> _Work item_
Below are entries. Reproduce exactly the lines between the line holding "Happy,Bride,And,Groom,After,Wedding,Ceremony" and the line holding "Foto Meeuw - House of Weddings - 4", inclusive, and only those.

> _Records for processing_

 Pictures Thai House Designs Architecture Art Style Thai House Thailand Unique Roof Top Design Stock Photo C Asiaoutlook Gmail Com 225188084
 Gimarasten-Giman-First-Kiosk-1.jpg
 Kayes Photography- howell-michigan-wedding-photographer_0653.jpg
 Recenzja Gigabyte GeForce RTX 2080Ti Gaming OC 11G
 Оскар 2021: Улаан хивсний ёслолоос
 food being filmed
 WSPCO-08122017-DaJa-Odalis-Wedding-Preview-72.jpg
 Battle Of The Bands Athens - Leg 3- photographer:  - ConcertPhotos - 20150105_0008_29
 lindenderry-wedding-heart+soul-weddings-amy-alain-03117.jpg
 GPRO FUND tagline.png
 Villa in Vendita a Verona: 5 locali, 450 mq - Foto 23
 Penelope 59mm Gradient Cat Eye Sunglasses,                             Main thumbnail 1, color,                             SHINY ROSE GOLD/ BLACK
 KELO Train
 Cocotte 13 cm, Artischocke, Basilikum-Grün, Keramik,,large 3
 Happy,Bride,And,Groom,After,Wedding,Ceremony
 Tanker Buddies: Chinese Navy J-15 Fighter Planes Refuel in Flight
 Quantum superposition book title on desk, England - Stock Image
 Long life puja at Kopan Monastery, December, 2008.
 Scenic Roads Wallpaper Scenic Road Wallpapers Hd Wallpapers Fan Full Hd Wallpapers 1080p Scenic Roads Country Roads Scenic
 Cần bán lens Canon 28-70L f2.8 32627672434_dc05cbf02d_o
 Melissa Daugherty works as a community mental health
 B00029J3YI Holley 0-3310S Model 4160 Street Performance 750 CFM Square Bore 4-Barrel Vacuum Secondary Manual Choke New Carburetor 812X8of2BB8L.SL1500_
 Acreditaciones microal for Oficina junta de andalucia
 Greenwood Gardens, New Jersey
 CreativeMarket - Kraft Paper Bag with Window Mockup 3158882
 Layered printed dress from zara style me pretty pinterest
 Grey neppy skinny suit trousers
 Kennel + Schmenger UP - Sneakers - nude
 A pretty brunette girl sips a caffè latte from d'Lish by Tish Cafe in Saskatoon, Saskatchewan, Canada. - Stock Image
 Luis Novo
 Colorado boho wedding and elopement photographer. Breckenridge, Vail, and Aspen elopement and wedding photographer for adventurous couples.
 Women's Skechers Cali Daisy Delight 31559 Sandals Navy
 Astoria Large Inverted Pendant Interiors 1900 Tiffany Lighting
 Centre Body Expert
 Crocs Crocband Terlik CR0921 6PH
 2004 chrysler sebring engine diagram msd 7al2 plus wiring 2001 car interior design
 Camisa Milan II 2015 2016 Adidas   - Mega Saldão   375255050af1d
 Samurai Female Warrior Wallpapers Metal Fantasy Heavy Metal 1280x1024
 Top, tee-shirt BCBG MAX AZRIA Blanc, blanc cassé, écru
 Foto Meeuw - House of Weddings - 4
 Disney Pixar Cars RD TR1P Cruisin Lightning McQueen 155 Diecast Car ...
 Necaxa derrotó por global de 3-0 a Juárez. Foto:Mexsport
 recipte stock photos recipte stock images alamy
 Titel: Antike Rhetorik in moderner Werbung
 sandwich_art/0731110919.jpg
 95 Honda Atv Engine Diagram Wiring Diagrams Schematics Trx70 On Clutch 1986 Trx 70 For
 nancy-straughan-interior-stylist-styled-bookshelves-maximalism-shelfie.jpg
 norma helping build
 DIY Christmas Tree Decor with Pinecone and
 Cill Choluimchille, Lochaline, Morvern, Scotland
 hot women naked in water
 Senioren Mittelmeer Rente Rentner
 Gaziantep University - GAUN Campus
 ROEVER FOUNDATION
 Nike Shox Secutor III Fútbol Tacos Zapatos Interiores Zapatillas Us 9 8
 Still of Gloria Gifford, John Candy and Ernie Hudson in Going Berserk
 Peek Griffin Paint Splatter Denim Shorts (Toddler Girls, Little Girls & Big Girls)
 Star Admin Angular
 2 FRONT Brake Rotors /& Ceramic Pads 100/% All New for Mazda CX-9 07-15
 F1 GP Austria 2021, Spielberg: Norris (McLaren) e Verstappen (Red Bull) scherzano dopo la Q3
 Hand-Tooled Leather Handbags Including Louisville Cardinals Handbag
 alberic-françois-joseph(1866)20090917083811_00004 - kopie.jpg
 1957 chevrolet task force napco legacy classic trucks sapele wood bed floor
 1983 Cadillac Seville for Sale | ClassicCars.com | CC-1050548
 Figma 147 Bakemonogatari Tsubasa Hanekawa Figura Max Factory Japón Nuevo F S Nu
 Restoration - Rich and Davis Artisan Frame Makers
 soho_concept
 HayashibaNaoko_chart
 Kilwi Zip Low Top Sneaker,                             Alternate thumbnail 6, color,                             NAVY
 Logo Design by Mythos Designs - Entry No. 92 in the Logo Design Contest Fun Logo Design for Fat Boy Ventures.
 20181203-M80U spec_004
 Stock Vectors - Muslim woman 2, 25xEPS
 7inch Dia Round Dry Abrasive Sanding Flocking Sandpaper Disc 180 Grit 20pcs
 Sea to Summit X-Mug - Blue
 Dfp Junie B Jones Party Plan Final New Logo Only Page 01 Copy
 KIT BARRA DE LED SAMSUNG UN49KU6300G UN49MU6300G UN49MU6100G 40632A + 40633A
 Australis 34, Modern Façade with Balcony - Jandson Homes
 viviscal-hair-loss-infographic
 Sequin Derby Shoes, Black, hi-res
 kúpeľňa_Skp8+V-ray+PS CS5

> _Result_
 Happy,Bride,And,Groom,After,Wedding,Ceremony
 Tanker Buddies: Chinese Navy J-15 Fighter Planes Refuel in Flight
 Quantum superposition book title on desk, England - Stock Image
 Long life puja at Kopan Monastery, December, 2008.
 Scenic Roads Wallpaper Scenic Road Wallpapers Hd Wallpapers Fan Full Hd Wallpapers 1080p Scenic Roads Country Roads Scenic
 Cần bán lens Canon 28-70L f2.8 32627672434_dc05cbf02d_o
 Melissa Daugherty works as a community mental health
 B00029J3YI Holley 0-3310S Model 4160 Street Performance 750 CFM Square Bore 4-Barrel Vacuum Secondary Manual Choke New Carburetor 812X8of2BB8L.SL1500_
 Acreditaciones microal for Oficina junta de andalucia
 Greenwood Gardens, New Jersey
 CreativeMarket - Kraft Paper Bag with Window Mockup 3158882
 Layered printed dress from zara style me pretty pinterest
 Grey neppy skinny suit trousers
 Kennel + Schmenger UP - Sneakers - nude
 A pretty brunette girl sips a caffè latte from d'Lish by Tish Cafe in Saskatoon, Saskatchewan, Canada. - Stock Image
 Luis Novo
 Colorado boho wedding and elopement photographer. Breckenridge, Vail, and Aspen elopement and wedding photographer for adventurous couples.
 Women's Skechers Cali Daisy Delight 31559 Sandals Navy
 Astoria Large Inverted Pendant Interiors 1900 Tiffany Lighting
 Centre Body Expert
 Crocs Crocband Terlik CR0921 6PH
 2004 chrysler sebring engine diagram msd 7al2 plus wiring 2001 car interior design
 Camisa Milan II 2015 2016 Adidas   - Mega Saldão   375255050af1d
 Samurai Female Warrior Wallpapers Metal Fantasy Heavy Metal 1280x1024
 Top, tee-shirt BCBG MAX AZRIA Blanc, blanc cassé, écru
 Foto Meeuw - House of Weddings - 4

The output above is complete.